Source: label-based indication descriptions and dosing logic. [1], [2]


Key Takeaways

  • XOLAIR’s growth profile in the 2024-2035 window is driven primarily by persistence and penetration within established asthma and CSU indications, not by a single late-stage “breakout” approval.
  • The base-case global revenue trajectory projects slow growth into the late 2020s and gradual plateau-to-decline thereafter, reflecting competitive pressure and payer tightening.
  • The investment-relevant risk is share erosion from competing biologics and reimbursement restrictions, especially where real-world response thresholds become gatekeeping criteria.
  • The commercial lever with the highest impact remains maintaining responder identification and continuation rates through clinical and real-world evidence tied to label dosing logic.

FAQs

  1. Is XOLAIR still primarily a biologic for asthma and chronic spontaneous urticaria?
    Yes. Its core commercial indications remain allergic asthma and CSU under IgE-based and antihistamine-refractory frameworks in major labels. [1], [2]

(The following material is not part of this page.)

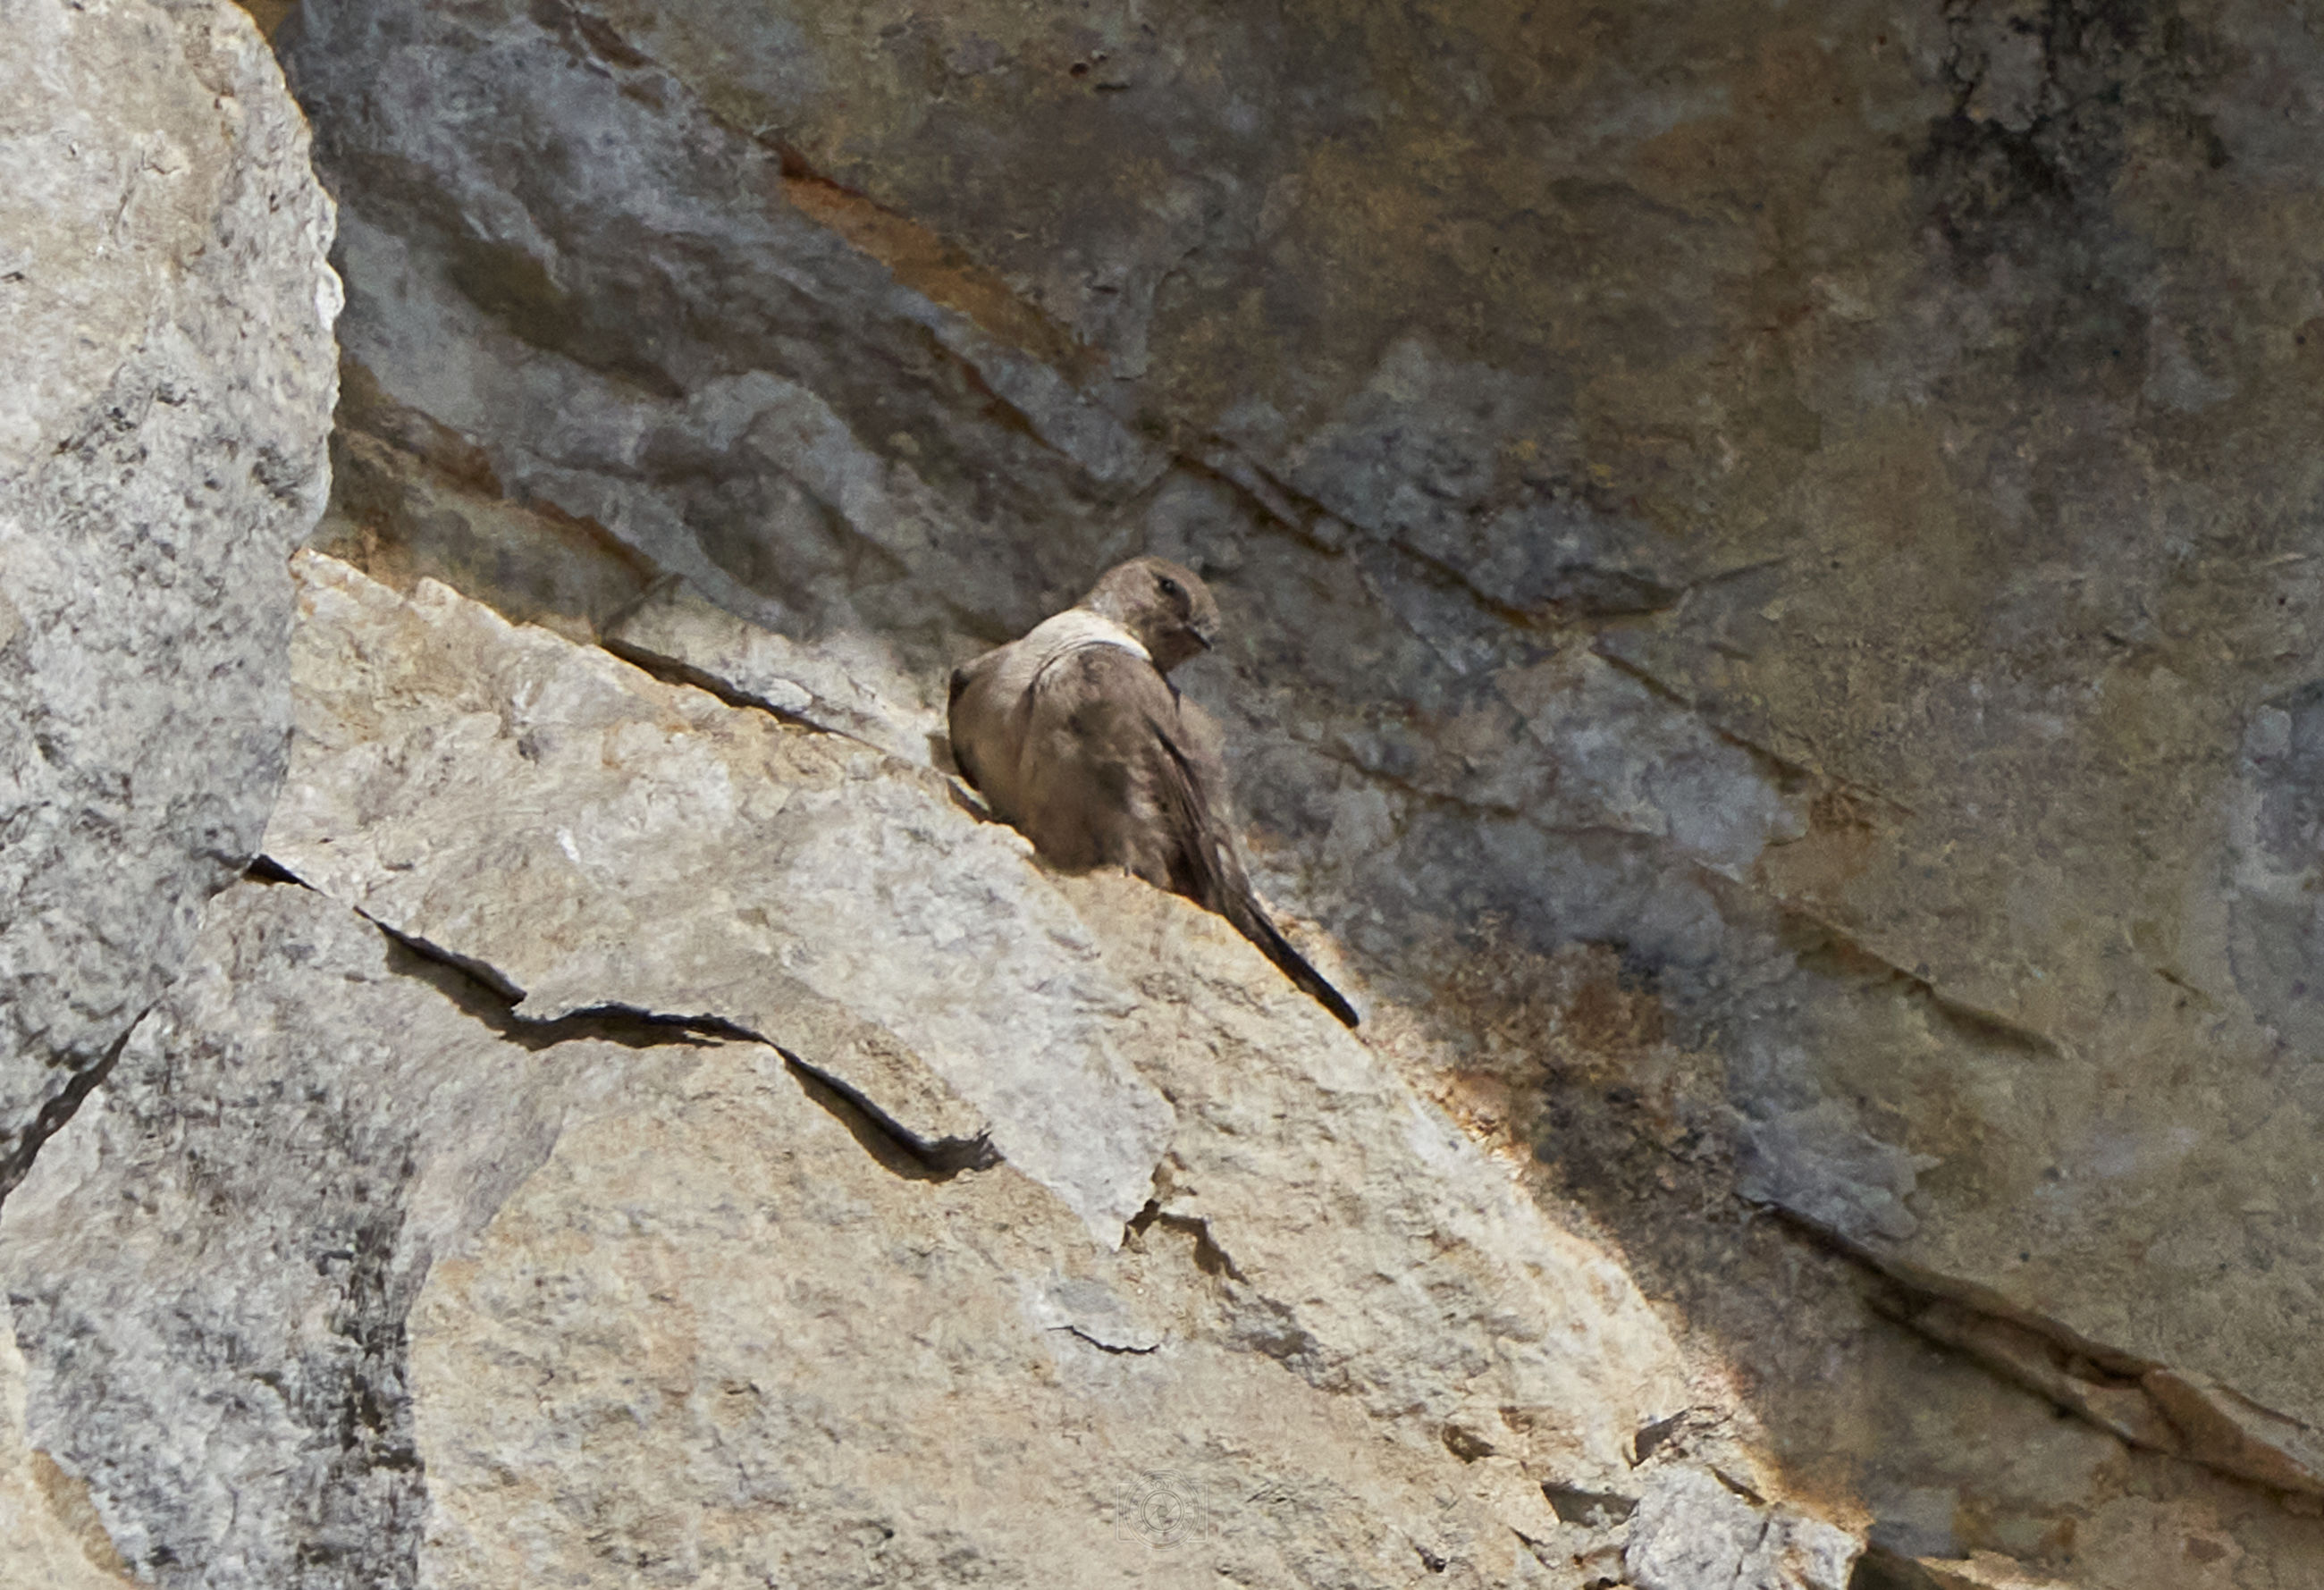 animal themes, animal, rock, wildlife, animal wildlife, bird, one animal, no people, nature, day, outdoors, rock formation, geology, perching, bird of prey, textured, wall, mammal

  2. What drives XOLAIR dosing decisions in asthma?
    Dosing is based on patient weight and baseline IgE levels within the label dosing table. [1]

  3. What is the biggest commercial risk for XOLAIR?
    Competitive displacement by other asthma and CSU biologics and payer restrictions that tighten eligibility. [1], [2]

  4. Does XOLAIR’s clinical value translate into persistence?
    In practice, patients who respond to symptom or exacerbation control tend to continue, supporting stability for established prescribers, subject to payer criteria and discontinuation for nonresponse. [1], [2]

  5. How should the 2024-2035 forecast be used for planning?
    Use it to stress-test portfolio cash flows under late-cycle biologic dynamics: modest early growth, plateau, then gradual soft decline depending on market access and competitive intensity. [1], [2]


References

[1] Novartis Pharmaceuticals Corporation. (n.d.). XOLAIR (omalizumab) prescribing information.
[2] European Medicines Agency. (n.d.). XOLAIR (omalizumab) product information / EPAR.